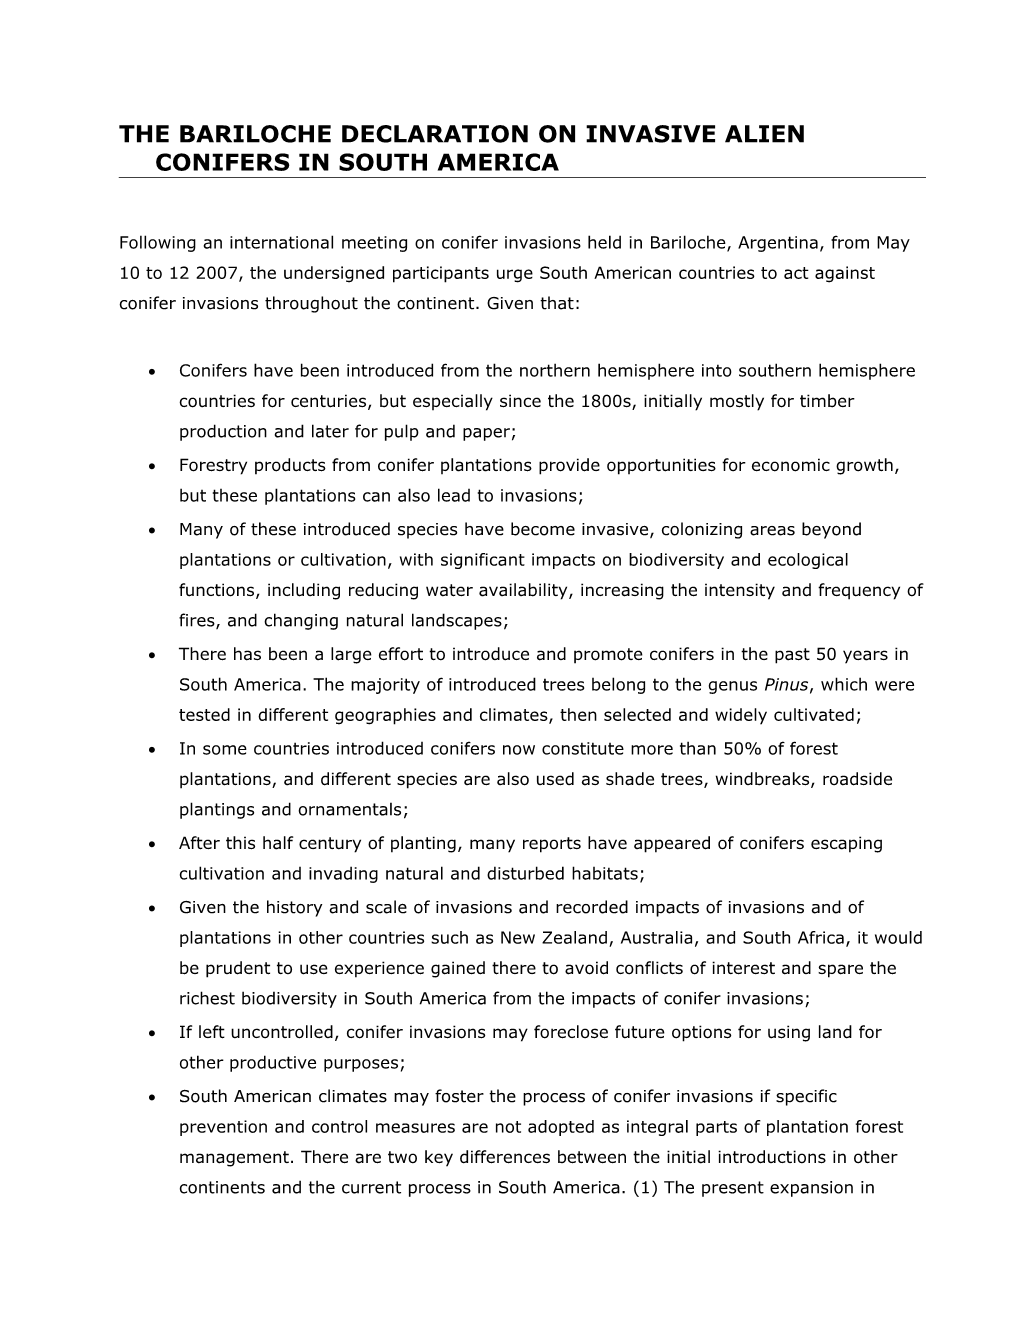 THE BARILOCHE DECLARATION on Invasive Alien Conifers in South America
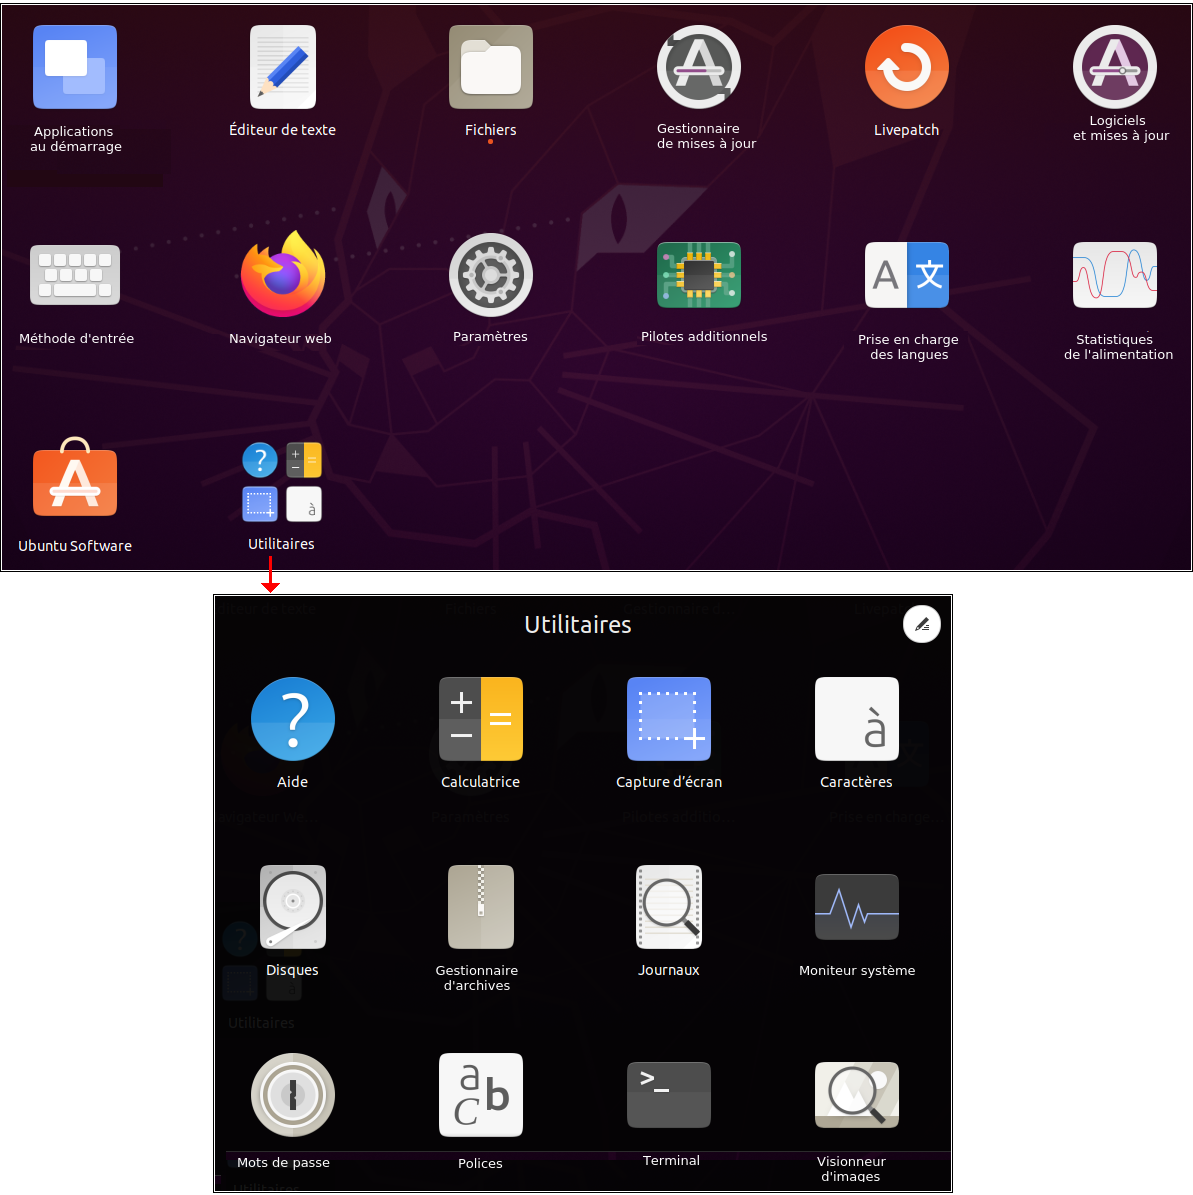 Outils de base installés avec la version minimale de Ubuntu 20.04 LTS
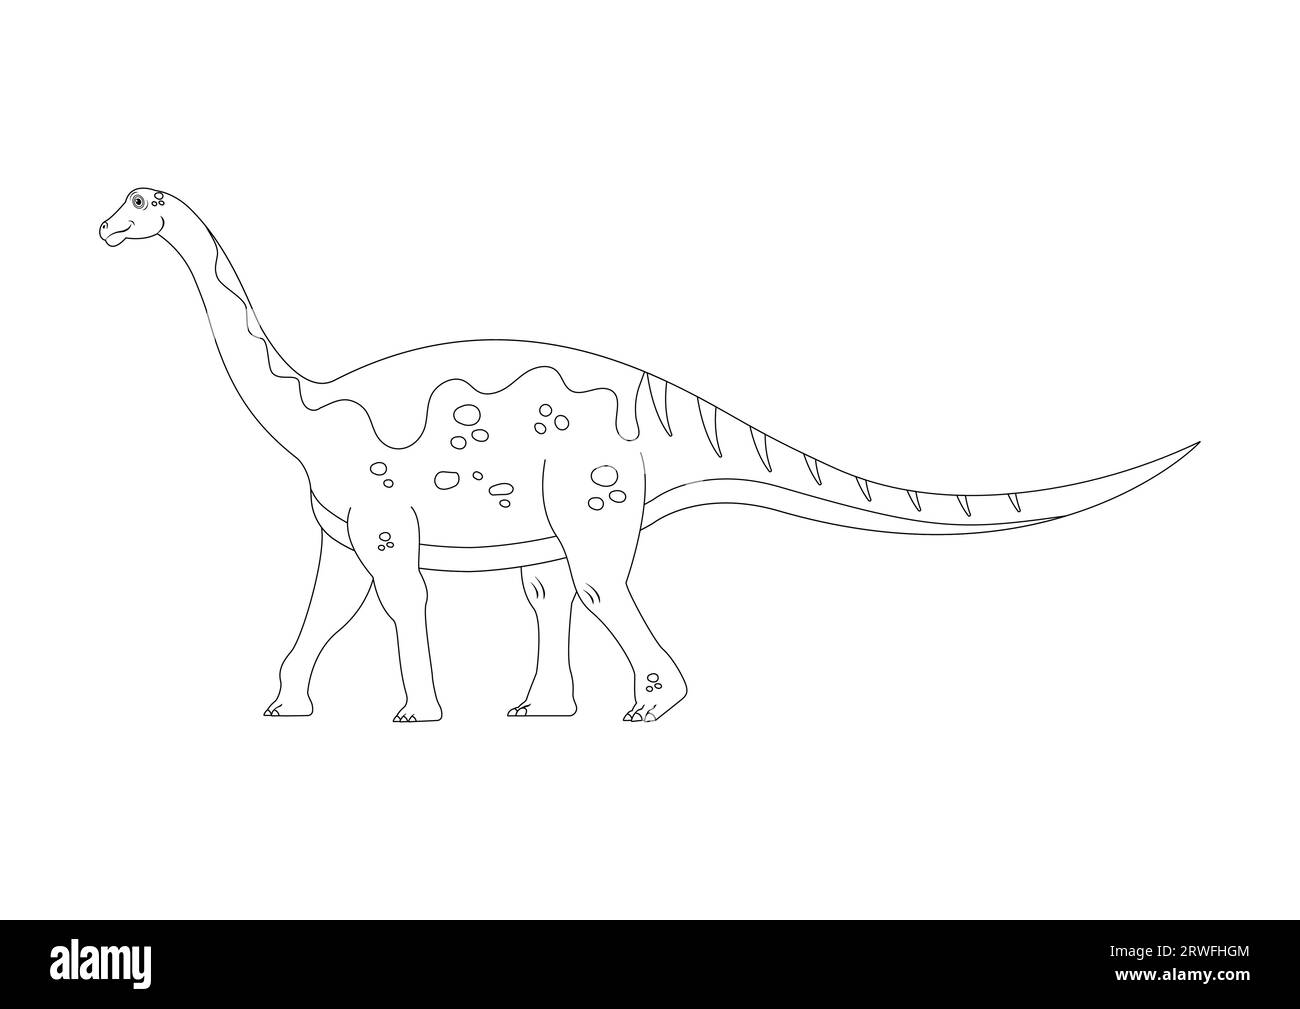 Schwarz-weiß Lirainosaurus Dinosaurier Zeichentrickfigur Vektor. Malseite eines Lirainosaurus-Dinosauriers Stock Vektor

══════════════════════════════

▸ What the task asks
Omit any images, then output the listing exactly.

▸ Your solution
 THE BARILOCHE DECLARATION on Invasive Alien Conifers in South America
 Outils de base installés avec la version minimale de Ubuntu 20.04 LTS
 Schwarz-weiß Lirainosaurus Dinosaurier Zeichentrickfigur Vektor. Malseite eines Lirainosaurus-Dinosauriers Stock Vektor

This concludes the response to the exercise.